流動性の激しい「脱聖化された分業世界」 → 自己管理のテクニックは?

昨日のコメント欄に、「単なる順応主義に現実はあっても真実はない」「精神的に干からびるか、肉体的に干からびるかしかない」というお言葉をいただく。これはヒキコモリ当事者の多くが苦しむポイントだと思う。
波状言論』の宮台鼎談に「真理クン」という罵倒表現があったが、学問的真理の追究も含めて、僕は自分の生の時間を何らかの「プロジェクト」にしおおせようとしている、そういう面が確実にある。何に向けてのプロジェクトか。「生きている時間をプロジェクトにするプロジェクト」。
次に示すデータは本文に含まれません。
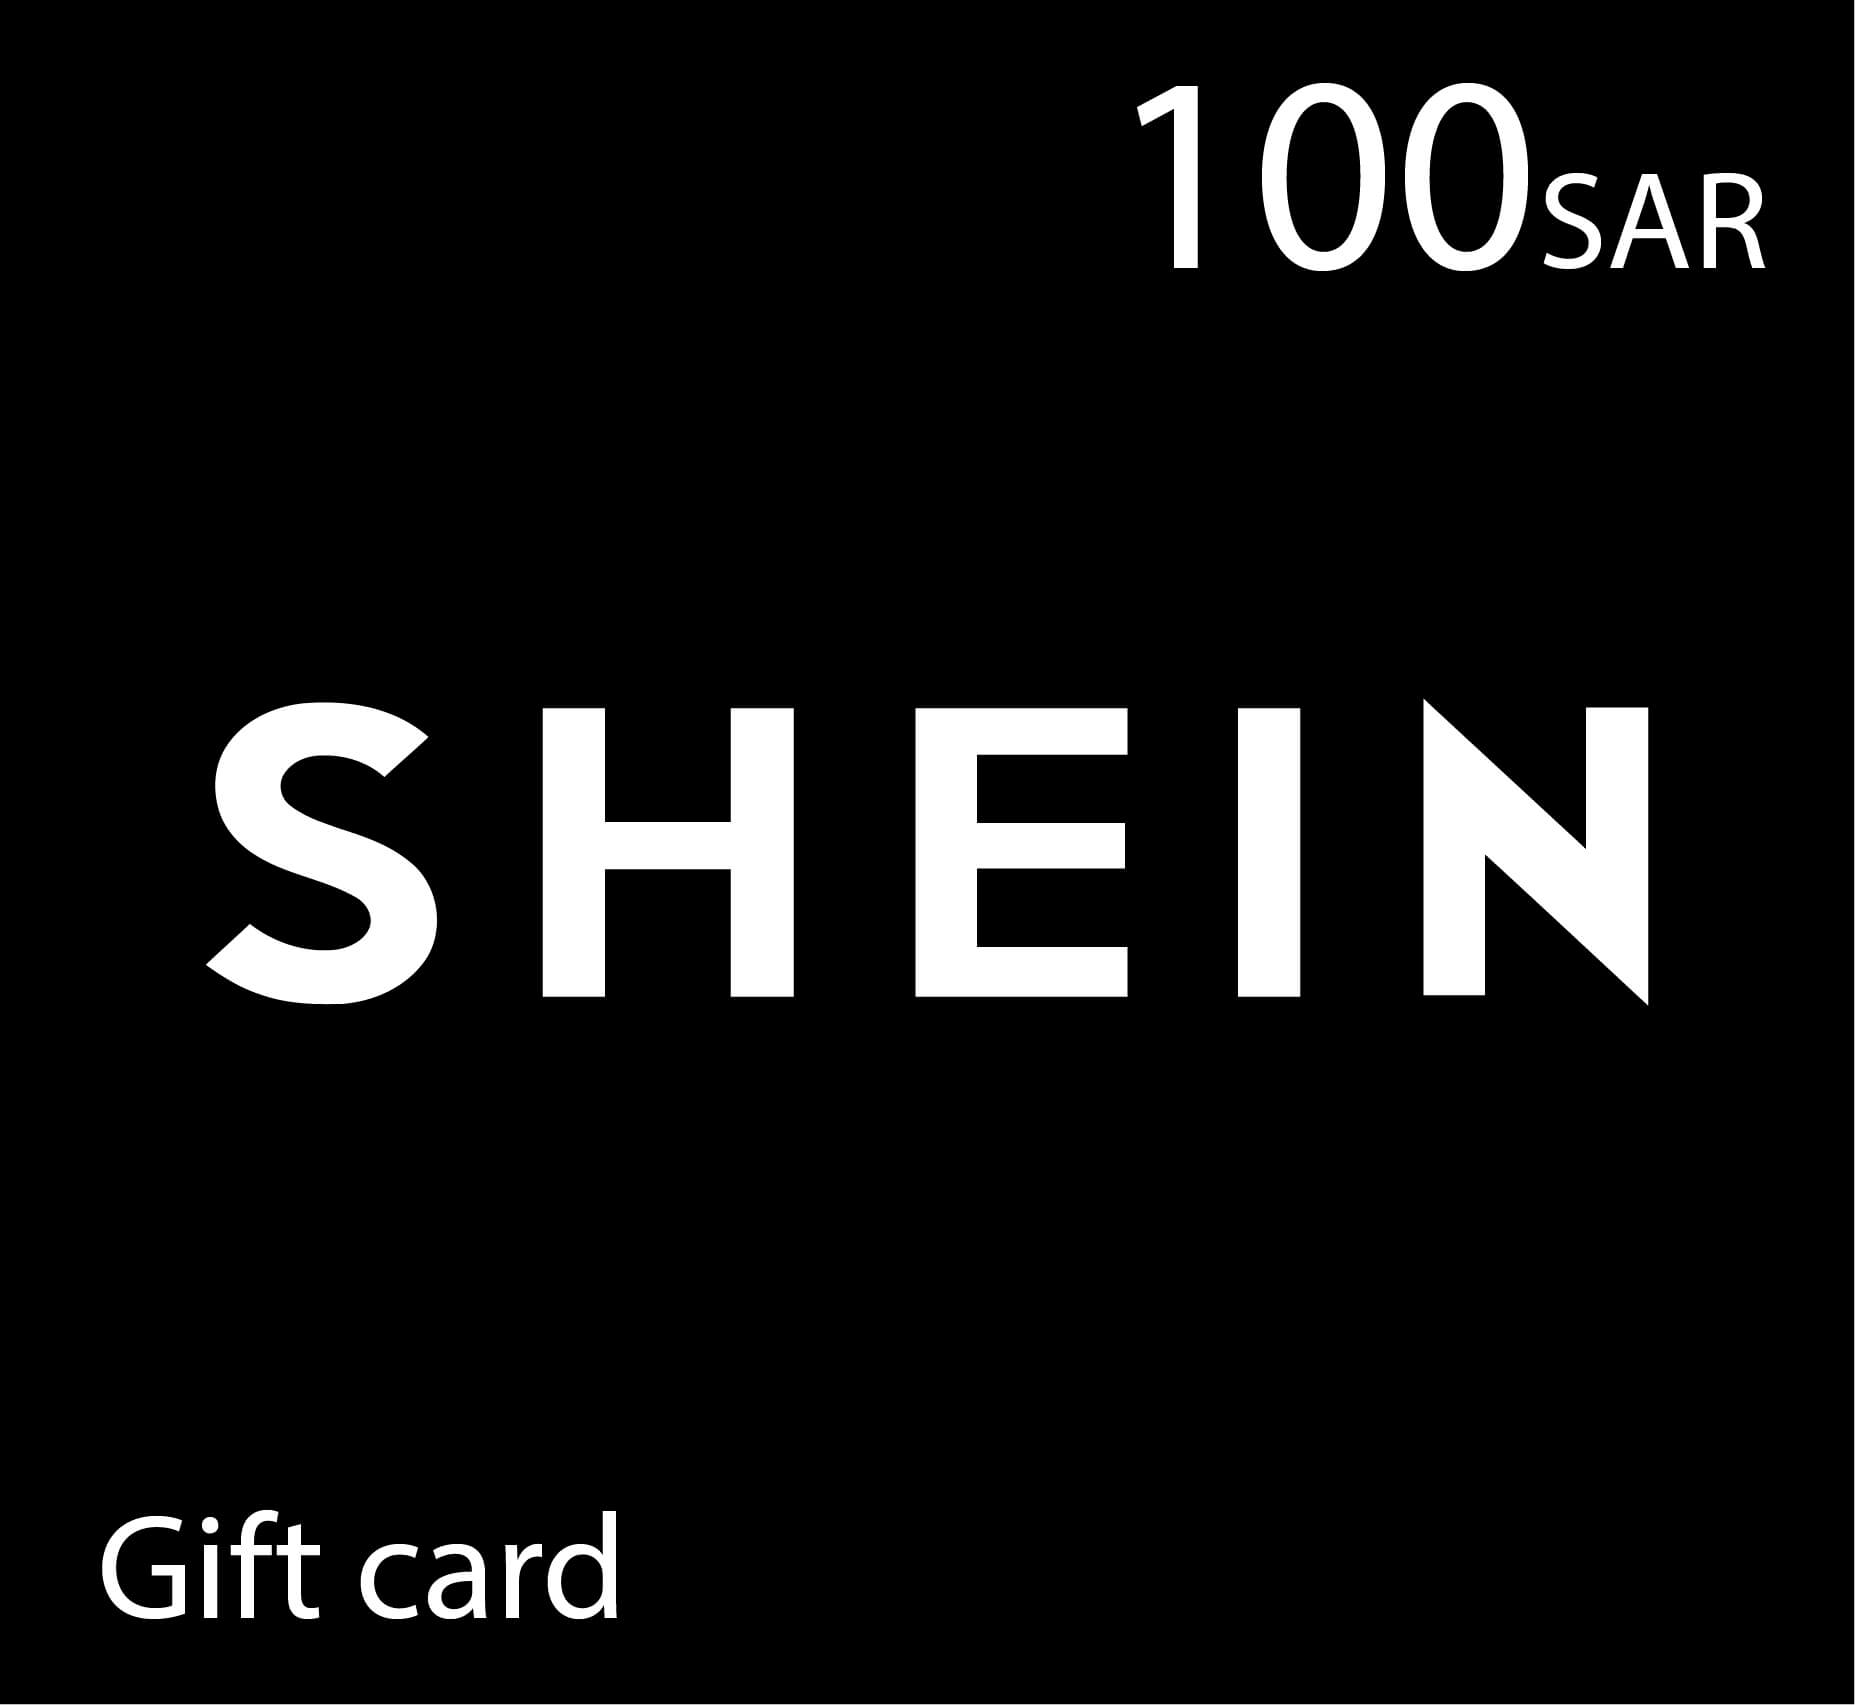 Shein Gift Card - 100 SAR

ブラックジョークのようだが今はそんなふうにしか言えない。
それは、僕にとっての自己管理の条件かもしれない。「真理」は必要ない(というか、信仰の持てない僕は「真理」を前提にできない*1)が、生活の中に発展的要因がないとダメ、というか・・・・。


だが(これも宮台鼎談のテーマだったが)、プロジェクトは流動的な世界のただなかにあって、この流動性に耐えながら持続していかなければならない。ドライで完全に脱聖化された「機能性」しかない世界。分業が徹底的に進み、「相互手段化」が極限まで進んだ社会。――「そこにしか棲めない」(選択肢がない)ときの、自己管理のテクニックは。


月並みだが、「この人と付き合っていきたい」と思えるような人間関係が支え、というかヒントになる気がしている。常に変わらぬ核のような存在。相手の症候的な核との付き合いにおいて、生きるプロセスが目的になる*2
自分を、ある真理が実現するための、あるいはある変化が実現するための媒介にしようとすること。同時に、そのプロセス自身が目的になっていること。
これは青臭い実存談義ではなくて、「生を持続させるための方法論」のもんだいだ。「やりたいことを仕事にする」という指針が単なる青春ごっこではなく、競争に勝ち抜いたり持続的に自分を維持管理するためのテクニックの1つであり得るように。


個人としては内面的自己管理のスタイルを考えるとして、あとはそれが社会的にはどう支えられるのか*3、という問題なわけですが。



*1:強いて考えうる別の指針は「美」と「快楽」か。でも「美」はまだよくわからんし、「快楽」だけでは僕は頽廃すると思う。

*2:「つきあう」というのは、goal(最終目的地)ではなくて aim としての「目的」だろう。つまりプロセスが目的になっている。

*3:ただしLETSなどの「新しい決済システム」のことを考えるときには、僕は「社会的なものの設計図が内面管理に与える影響」という視点を重視しますが。 → 斎藤環『ひきこもり文化論』ISBN:4314009543 p.169〜に少し書きました。